Problem Set 2 (Due January 31, 2024)

Submit your HTML output and .Rmd file to Canvas by the deadline.

Introduction: Reminders about R and Rmarkdown

Please make sure you have downloaded this file (pset2.Rmd) to your computer and opened it in R Studio in the cloud platform. By download, we do not mean you just clicked on it in your browser – we mean you have saved the actual file to a directory on your computer (as pset2.Rmd, not as pset2.Rmd.txt!), and then opened it with RStudio in the cloud platform. You should now be looking at the “raw” text of the .Rmd file.

If you need to re-orient yourself, please review the introductory material that pset 1 began with describing how to include R code “chunks” into this .rmd file. Remember that when you “knit” the Rmd file, only the code written into code “chunks” will be executed and have its results integrated into the output html file. For example, the code chunk below provides a summary of the built-in dataset called cars. Take a look at the .rmd code that produces it, then click “knit” and see how it shows up in the outputted html file:

summary(cars)

##      speed           dist       
##  Min.   : 4.0   Min.   :  2.00  
##  1st Qu.:12.0   1st Qu.: 26.00  
##  Median :15.0   Median : 36.00  
##  Mean   :15.4   Mean   : 42.98  
##  3rd Qu.:19.0   3rd Qu.: 56.00  
##  Max.   :25.0   Max.   :120.00

Please also remember that you will want to use the console (the bottom-left panel in the screen) to “try out” code to get it working.
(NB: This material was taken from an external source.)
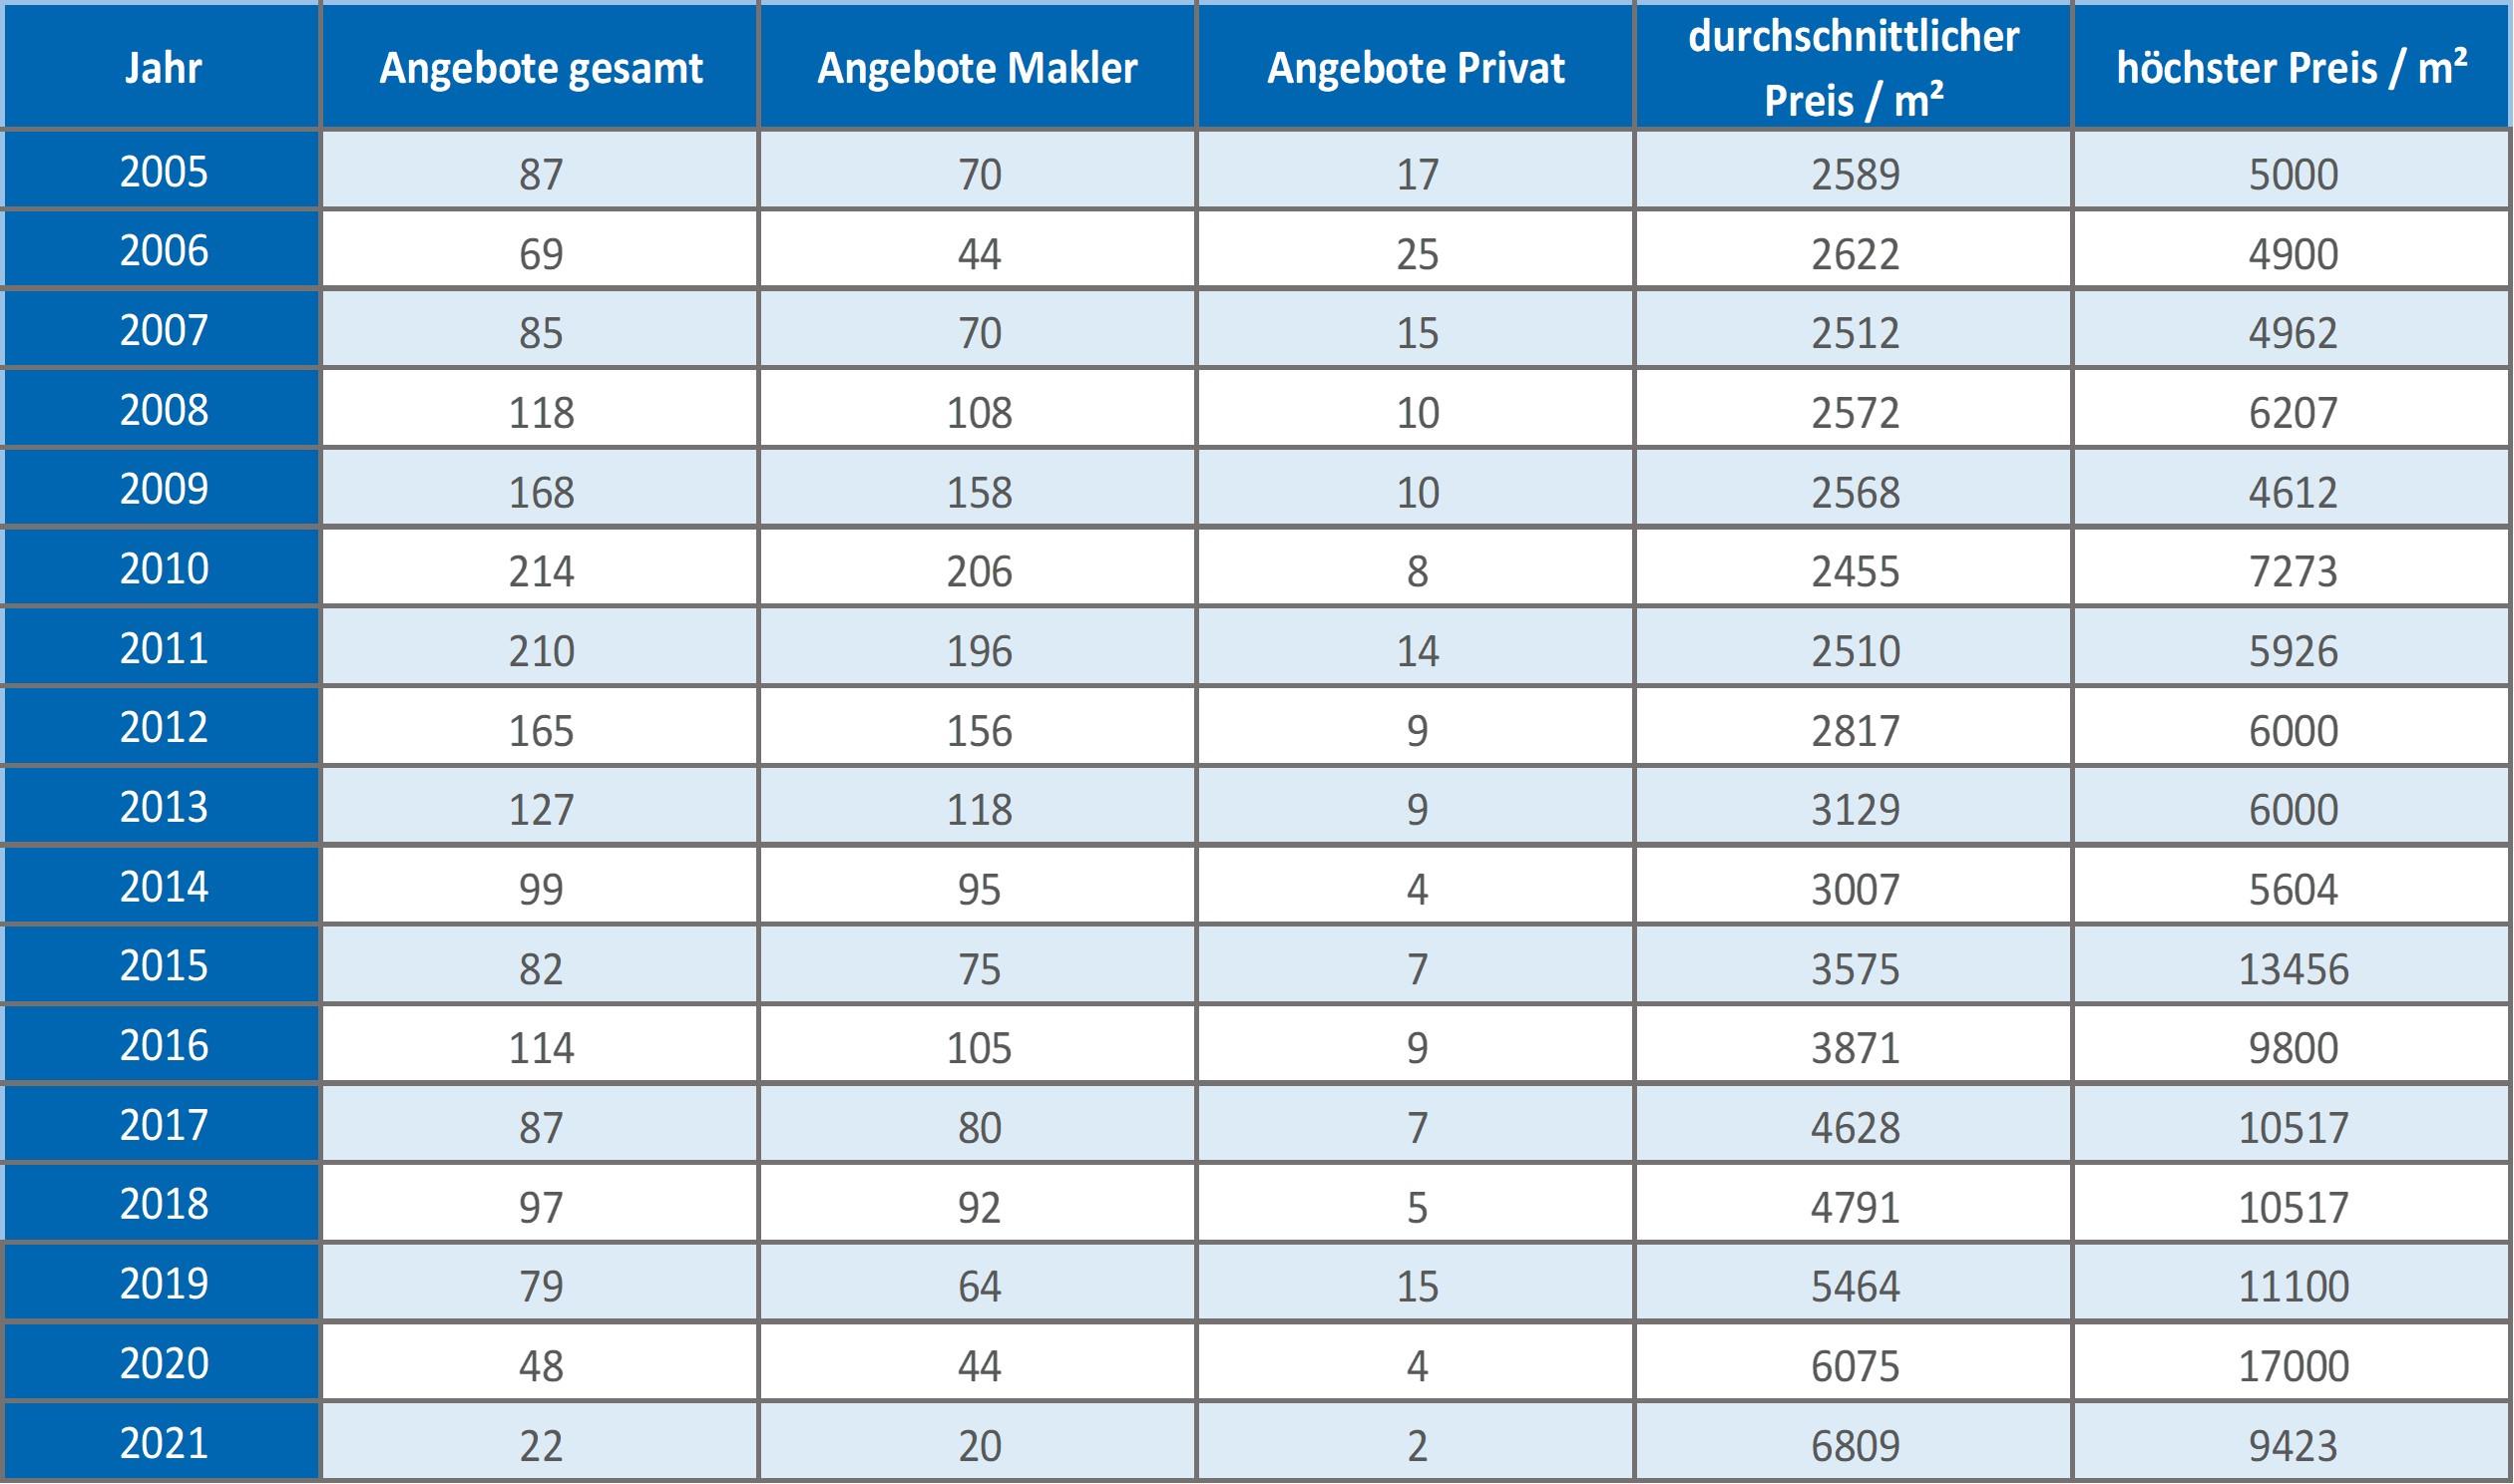 Feldkirchen-Westerham Haus kaufen verkaufen Preis Bewertung 2019 2020 2021  Makler www.happy-immo.de

Once you get it working, copy the code that worked (not the results) over into a code chunk in your rmd. Remember that the code within your rmd file has to be self-contained and include all the steps – your rmd file will not “remember” what you did on your own in the console. When you click knit, it can only execute the code that was present in the rmd. Do not copy the results from your console into your RMD file. In addition, do not include large amounts of output in your writeup (i.e. don’t print full datasets to the screen).

Include both the code to get your answer and your answer in words.

Finally, it is best to work will small amounts of code at a time: get some code working, copy it into the rmd as a code chunk, write your text answer (outside the code chunk) if needed, and check that the file will still knit properly. Do not proceed to answer more questions until you get the first bit working. This will save you huge headaches.

Make sure your final Rmd file knits correctly, and check as you work – don’t wait until the very end to try knitting your code.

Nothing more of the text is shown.